This post may contain affiliate links. It is a way for this site to earn advertising fees by linking to certain products and/or services.
If you didn’t catch my most recent post, I shared the rest of our adoption journey to bring little man home. We are officially a family of three now and I am learning to navigate post-adoption life, as a new mom. It has been almost six weeks since we arrived back in the U.S., with our newest addition. We are all learning through this process. T is learning English and how to deal with this new environment. We are learning how to parent a toddler boy and how to continue to have a healthy marriage through it all.
Expectations vs. Reality of Post-Adoption Life
Even though you are preached to, throughout adoption training, to not have expectations, it is just the human thing to do. It is almost unavoidable. I do think the training was beneficial. At least when our expectations were not met, we weren’t surprised by it.
For example, I expected to get more sleep. Yes, I knew jet lag was real and it would most likely be harder on a toddler, than it was on us, but I didn’t really think it would last long (wrong). I thought toddlers slept through the night (wrong). The truth is that jet lag can last 2+ weeks, when the time difference is 13 hours. Also, not all (or even most) toddlers sleep through the night.
We wake up at least once a night. Even now, over a month since arriving home. Most of the time, T ends up in our bed, because it’s easier for us all to get back to sleep. Then, I wake up early, usually with a little foot in my face.
Navigating the Post-Adoption Marriage Waters
We knew that adding a child to our lives, would cause our marriage dynamic to change. Again, we read all the books and took all the classes. We were prepared. But are people who say that they are prepared, ever truly prepared? Probably not.
Fortunately (or unfortunately), we have been through some pretty tough stuff over the first four years of our marriage. The kind of stuff that makes your marriage stronger, if you stick it out. When agencies and different countries have rules on how long they want you to be married, before you can adopt, this is why. They want to know that the roller coaster experience of adopting a child, isn’t going to cause you to yell, fight, and get a divorce.
The way we communicate now is so much more important, than how we communicated before.
Slowly, but surely, we are figuring out what it looks like to be both a spouse and a parent. So far, nothing is on fire. That’s something.

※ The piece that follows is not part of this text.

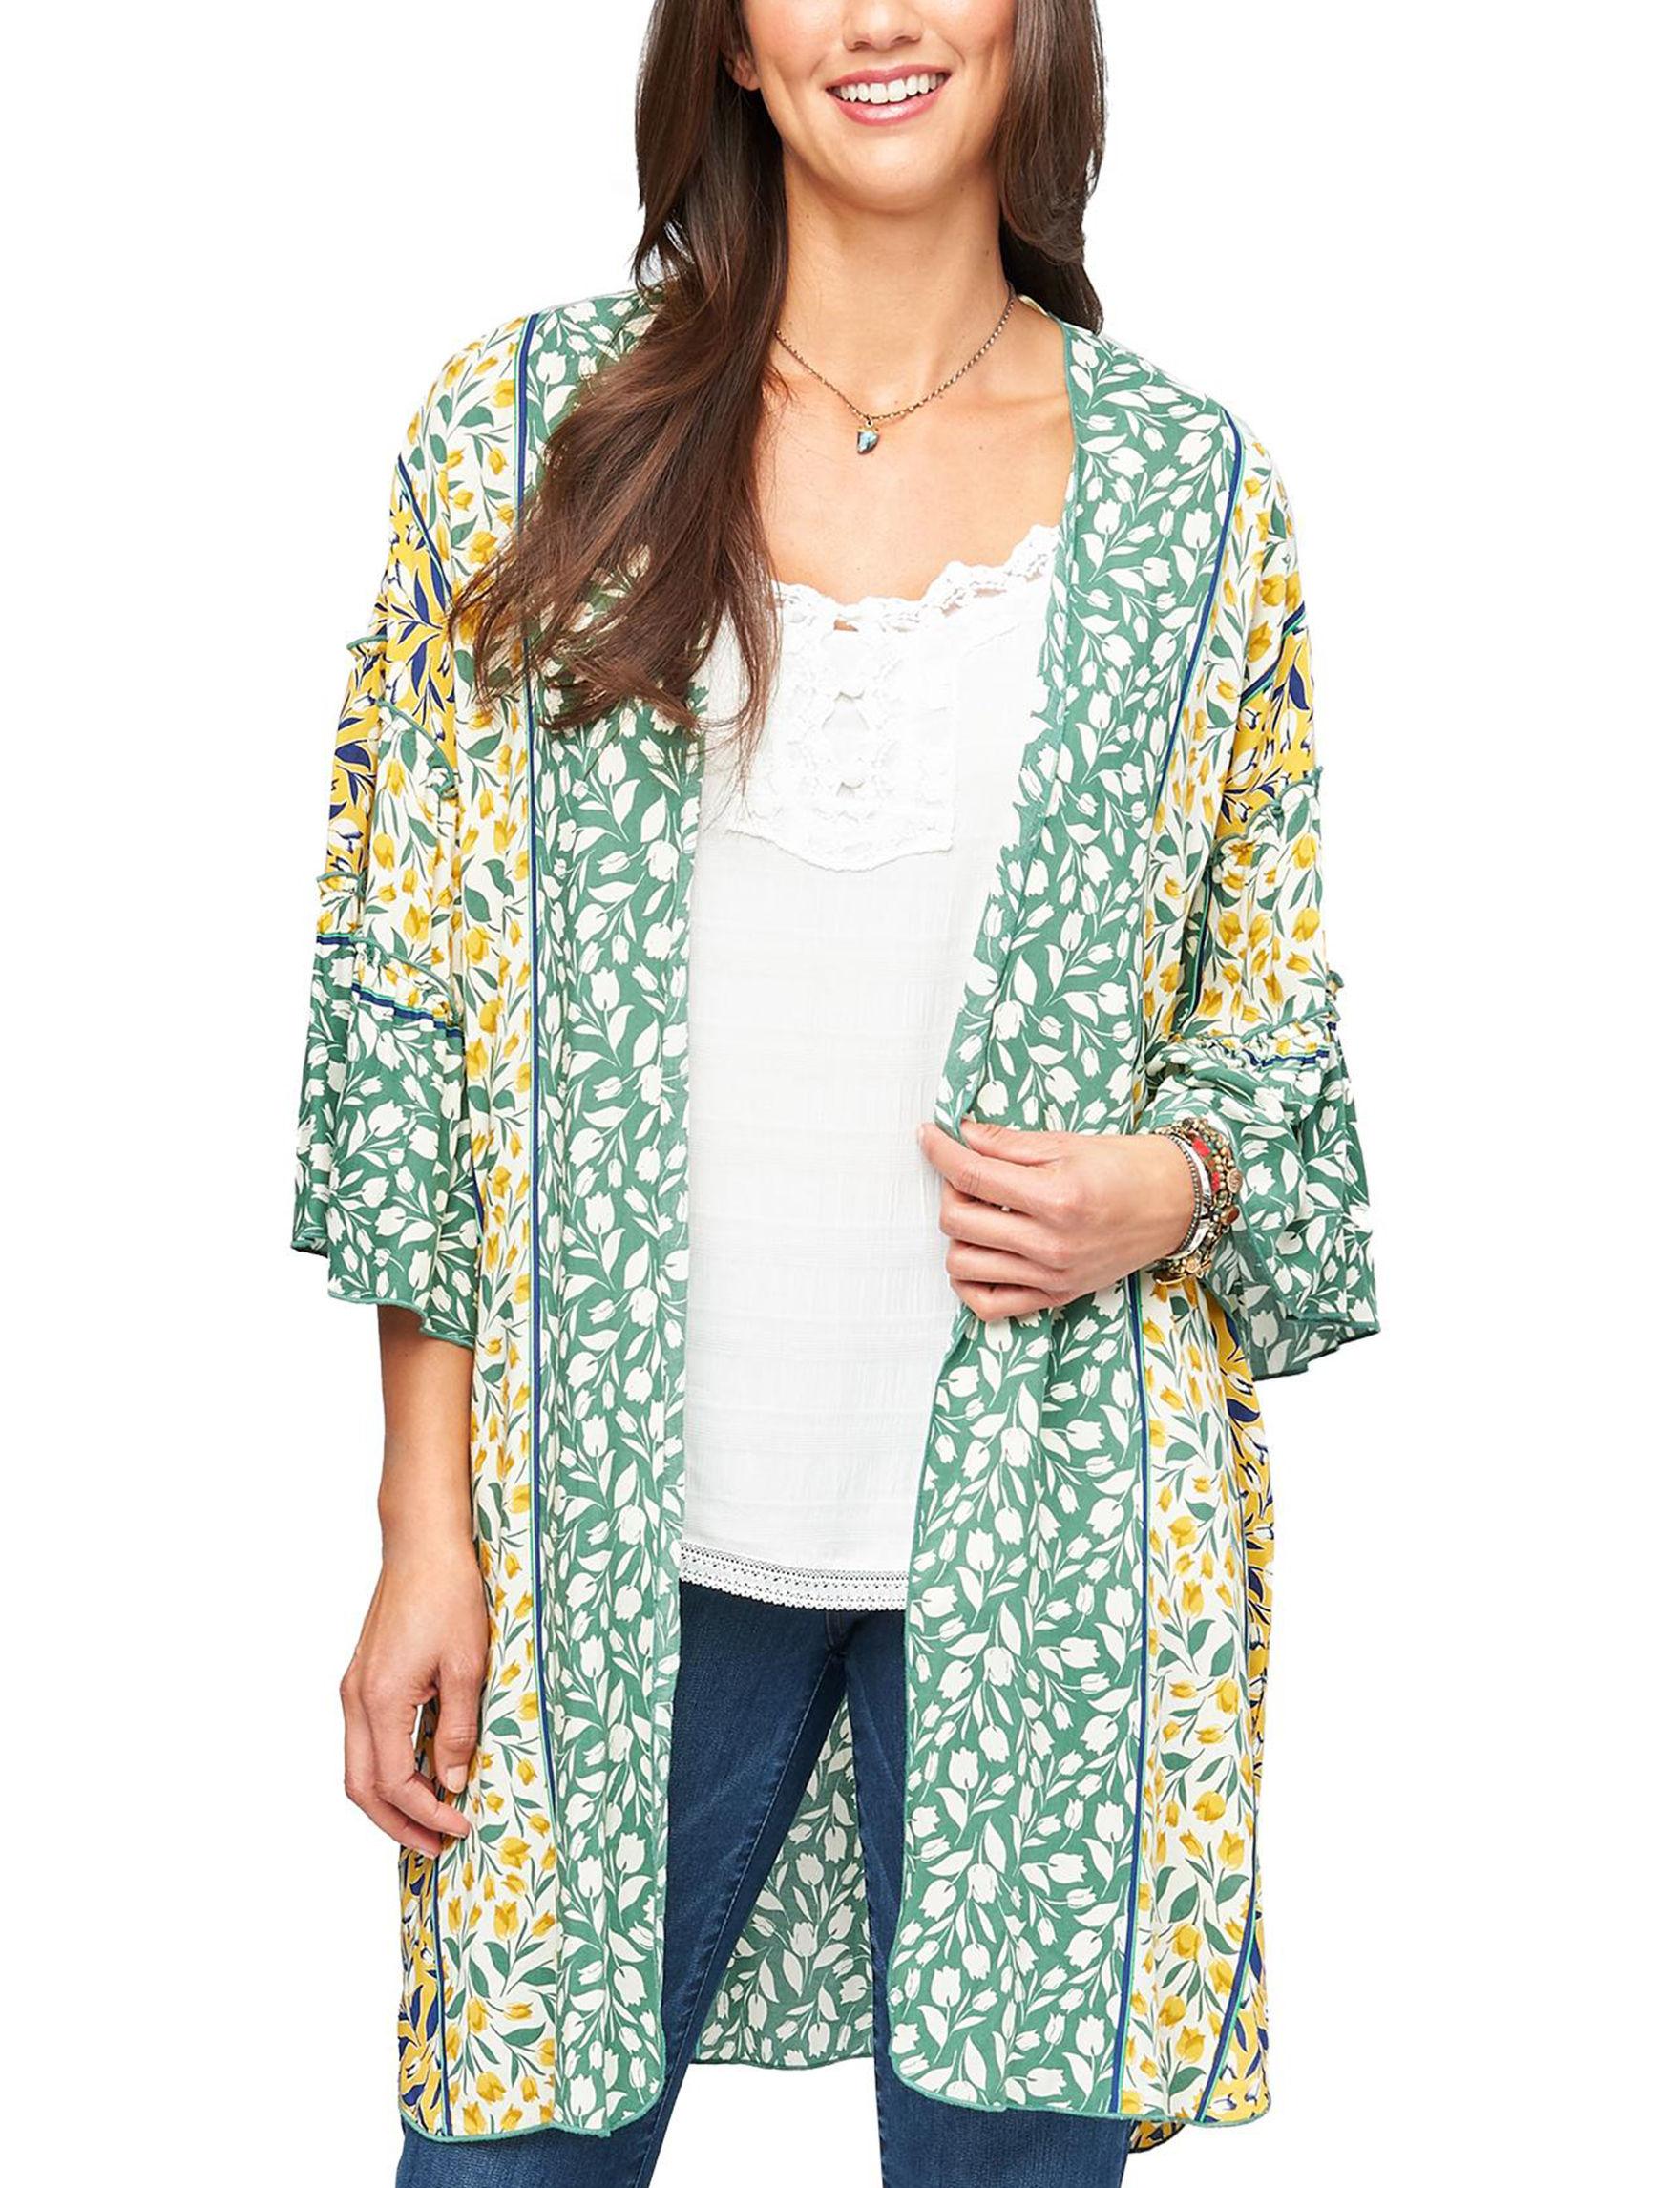 Democracy Green Kimonos & Toppers

The Joy of Post-Adoption Life
The one expectation that has consistently been met and even exceeded, is the joy I just knew I would feel, once we were home. Even in the hardest moments. Even when I just want to lock myself in the bathroom, for a moment alone. I am continuously reminded of that joy. Every “Mama!” is like a sweet song of hope. He is my answered prayer, in every way.
I didn’t give birth to him and he doesn’t have an ounce of my DNA, but he is my son. That love is real and like no other.
If you are going through the adoption process or have recently completed an adoption, hang in there Mama! It’s hard, but it is so so worth it!